ACA replacement bill clouds future of Children's Health Insurance Program
Passage of the House Republicans' healthcare overhaul bill may have created political and policy complications for the popular Children's Health Insurance Program, whose funding will end in September unless Congress reauthorizes it.
The Senate Finance Committee postponed a planned hearing on CHIP reauthorization scheduled for Tuesday, reportedly at the request of committee Democrats who didn't want work on the House GOP's American Health Care Act to overshadow efforts to extend the children's program.

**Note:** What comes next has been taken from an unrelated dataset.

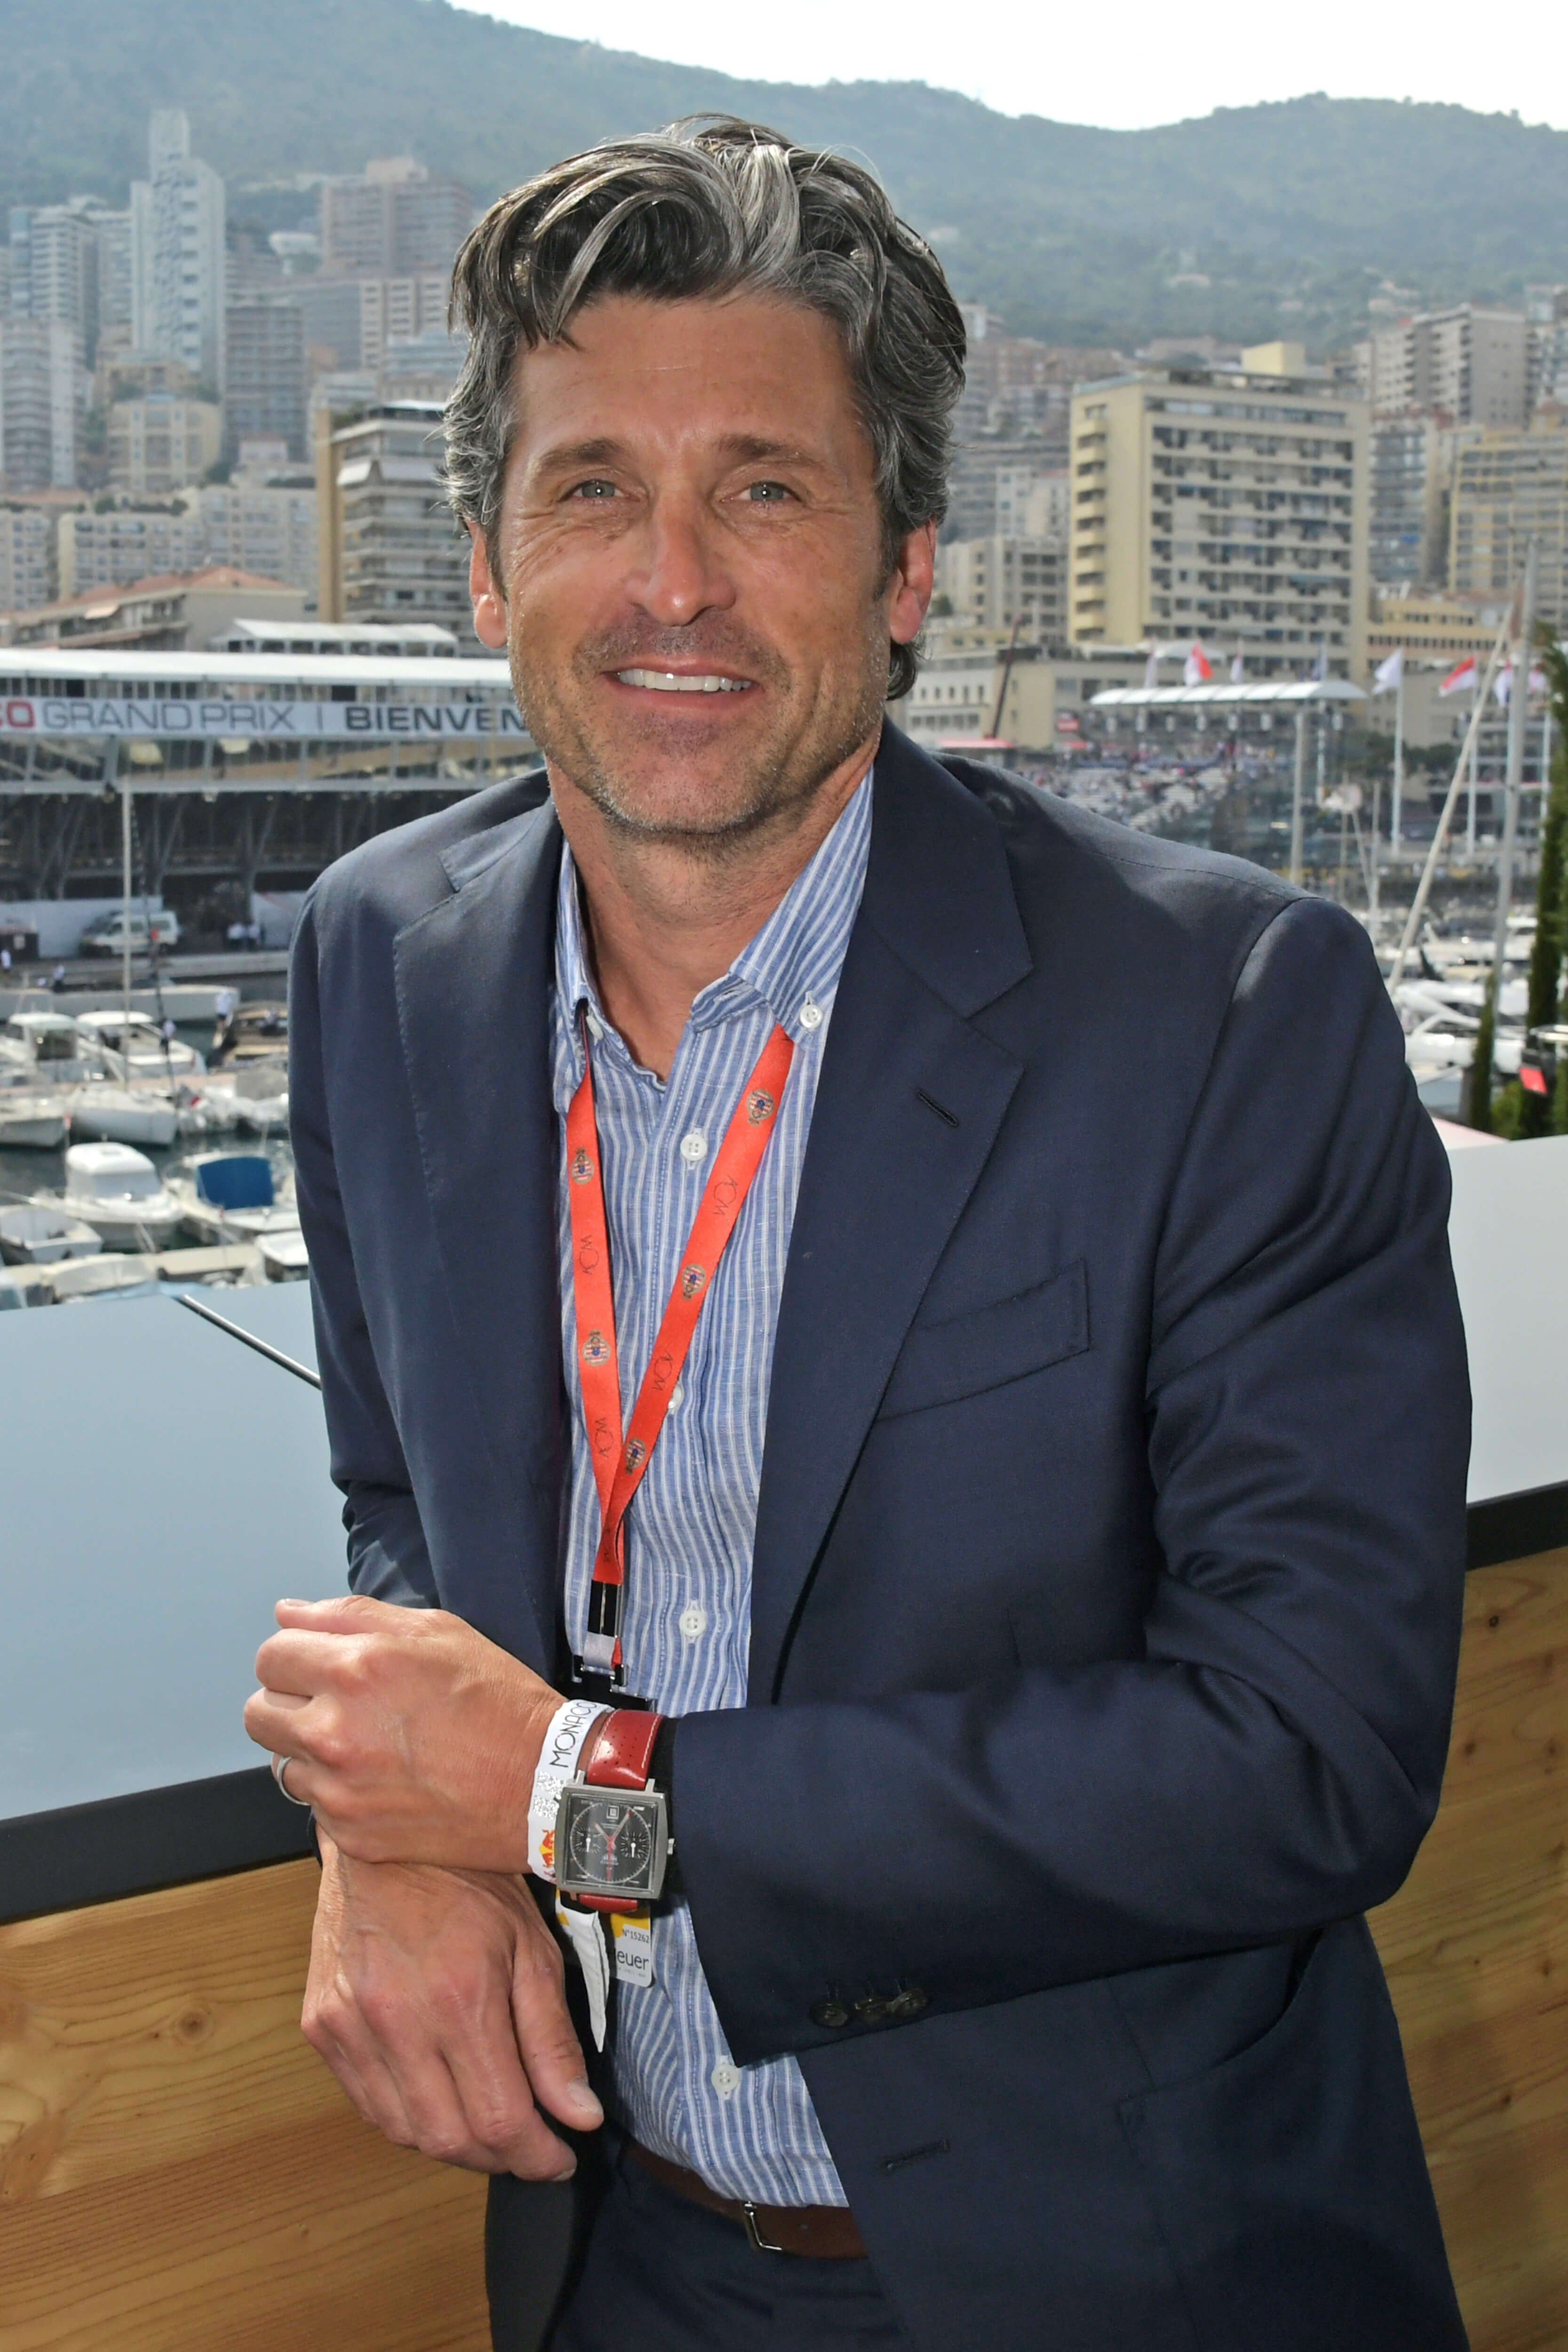 MONACO - MAY 26: Patrick Dempsey celebrates 50 Years of the Monaco Watch at the Formula 1 Grand Prix De Monaco, the legendary event that gave the watch its name in 1969, on May 26, 2019 in Monaco. (Photo by David M. Benett/Dave Benett/Getty Images for TAG Heuer)

In addition, Republicans may seek to delay consideration of renewed funding for CHIP to use it as leverage to get Democrats and moderate Republicans to support their broad healthcare reform legislation, said Joe Antos, a conservative health policy expert at the American Enterprise Institute. Others predict funding for federally qualified community health centers also may become part of the negotiations.
That worries children's healthcare advocates, who argue CHIP — which has enjoyed bipartisan support since its creation 20 years ago — is so important to the 8.4 million low- and moderate-income children it covers that it should be kept out of the looming partisan war over the AHCA. An estimated two million CHIP enrollees have serious chronic conditions.
"Rolling CHIP into the broader debate would be very unfortunate," said Joan Alker, executive director of the Center for Children and Families at Georgetown University.
Advocates also fear that the House GOP bill's Medicaid cuts and restructuring would squeeze CHIP coverage because eligibility and financing for Medicaid and CHIP are intertwined. About 37 million low-income children are covered by Medicaid.
The House bill would cap the growth of federal Medicaid payments to the states, reducing per-beneficiary contributions for children and other groups below actual Medicaid costs. The Congressional Budget Office projected it would cut federal Medicaid spending by $839 billion, or 25%, over 10 years.
"If you do mortal damage to Medicaid, which the AHCA does, it would spill over to CHIP, which is joined at the hip with Medicaid," said Sara Rosenbaum, a George Washington University law professor who served until recently as chair of the Medicaid and CHIP Payment and Access Commission (MACPAC).
MACPAC recommended in December that Congress extend CHIP funding for five years, through September 2022 to assure stability and continuity of coverage or low- and moderate-income children "at a time of tremendous uncertainty in health insurance markets."
It also asked lawmakers to continue enhanced federal CHIP contributions to the states authorized by the Affordable Care Act. That bumped up federal matching rates by 23% through September 2019. As a result of that increase, the feds have picked up 88% to 100% of states' costs for the program.
The CHIP program cost the federal government about $15 billion in 2017.
In addition, the commission urged Congress to extend through 2022 an ACA provision barring states from reducing CHIP eligibility below the levels in place before the ACA took effect.
Some states, such as West Virginia, have signaled they will end their CHIP programs if they don't have certainty that federal funding will continue. Thirty-four states will have spent their remaining federal CHIP allotments by next March. MACPAC said Congress should extend CHIP "as soon as possible" to mitigate budget uncertainty for the states.
But congressional Republicans may resist some of MACPAC's recommendations. In 2015, House Republicans released a discussion draft that proposed ending the enhanced federal match and the state maintenance-of-effort provisions.
Some policymakers want to phase out CHIP and move these children and their families into subsidized commercial coverage in the individual market. But research has shown that shifting CHIP beneficiaries into marketplace plans would sharply increase out-of-pocket costs and reduce access to care, particularly for children with chronic conditions.
Advocates are particularly nervous about moving CHIP enrollees into marketplace plans under the new system proposed by House Republicans, which would feature smaller subsidies and fewer consumer protections than those offered by the Affordable Care Act.
"As a pediatrician, I'd be concerned if those changes led to decreases in services that children with chronic conditions would receive or increases in how much parents would pay out of pocket," said Dr. Alon Peltz, who co-authored a recent Health Affairs article showing CHIP offers lower out-of-pocket costs than marketplace plans.
He'd like to see Congress stop treating CHIP as a political football, with the program facing an uncertain reauthorization process every few years. "We'd all love to see a long-term solution to providing affordable, high-quality coverage for this group of children," he said.